Scientists say these types of extreme weather events are becoming more common due to global warming, which is just beginning to impact business siting decisions. Exposure to natural disasters has always been part of the site selection equation, but it’s becoming an increasingly important factor, says Didi Caldwell, president and founding director of Global Location Strategies, a Carolina-based consulting firm. from South. “It has grown in prominence over the past 10 years and has become even more prevalent over the past five years.”

Due to factors related to climate change, “we are seeing companies looking to relocate or build new capabilities in areas they previously would not have considered, Caldwell says. For example, a manufacturing plant based in Southeast Asia could be moved to a location less susceptible to hurricanes and rising seas caused by global warming. “Companies are also bringing their supply chains closer together to avoid some of the risks associated with international trade and locations,” she notes.

Reduce carbon footprints, too
There is also another aspect of the climate risk issue that affects businesses: the growing demand for “low carbon” products and reduced carbon footprints.

Internationally, the most visible example of climate risks affecting location choice is with large technology companies making data center location decisions based on access to renewable energy. “In this sector, this is already leading some countries to win certain projects and others to lose,” said Dieter Billen, director of the consultancy firm Roland Berger, in a recent article by FDI Intelligence. He cited data center projects in Vietnam and Africa where renewable energy has played a major role. And, last October, Google and Facebook bought large plots of land in Denmark for “potential” data center developments, lured by access to renewable energy.

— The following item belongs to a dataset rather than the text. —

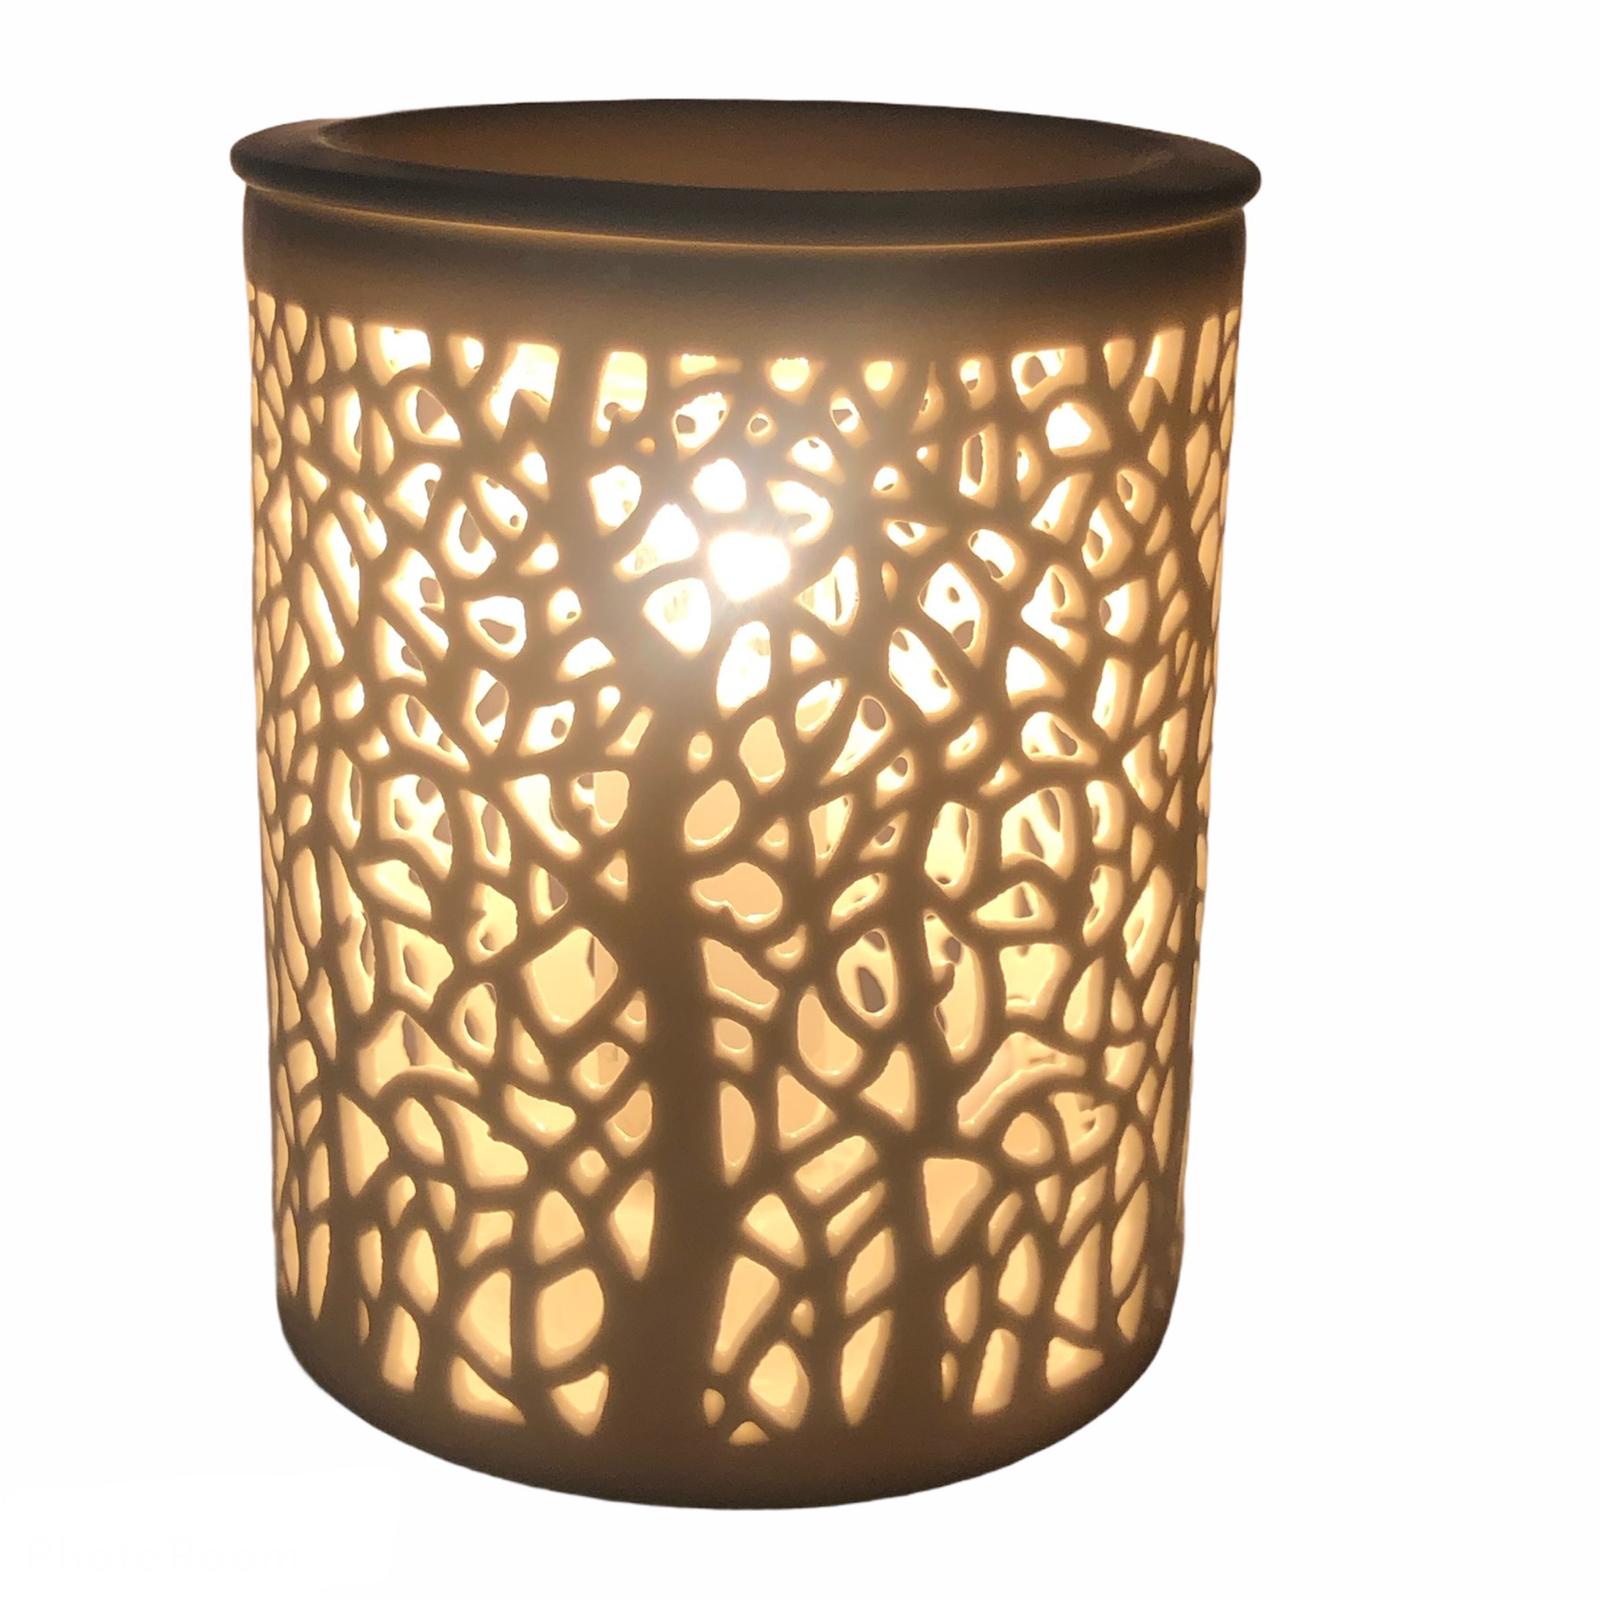 Tree Silhouette Electric Wax Burner / Melter

Environmental impact is starting to play a bigger role in facility design decisions, in part because consumers and business customers are increasingly demanding low-carbon products and services, experts say.
In the United States, environmental impact (and its effect on global warming) is beginning to play a bigger role in facility design decisions, experts say, in part because consumers and business customers are demanding more in addition to low-carbon products and services. For example, last year Bendix Commercial Vehicle Systems completed the installation of a 1.168 megawatt solar panel at its large manufacturing facility in Huntington, Indiana, decreasing its dependence on the local power grid and reducing the company’s carbon footprint.

The company says the Huntington solar panel will help reduce Bendix’s carbon footprint in North America by 3%. It will meet about 30 percent of Huntington’s Plant 1 energy needs and is expected to reduce the campus’ carbon footprint by nearly 19 percent, Bendix officials say. Additionally, in 2020, Bendix has diverted 99.9% of its waste from landfills, and over the past six years the company has reduced its energy consumption by more than 14 million kilowatt hours.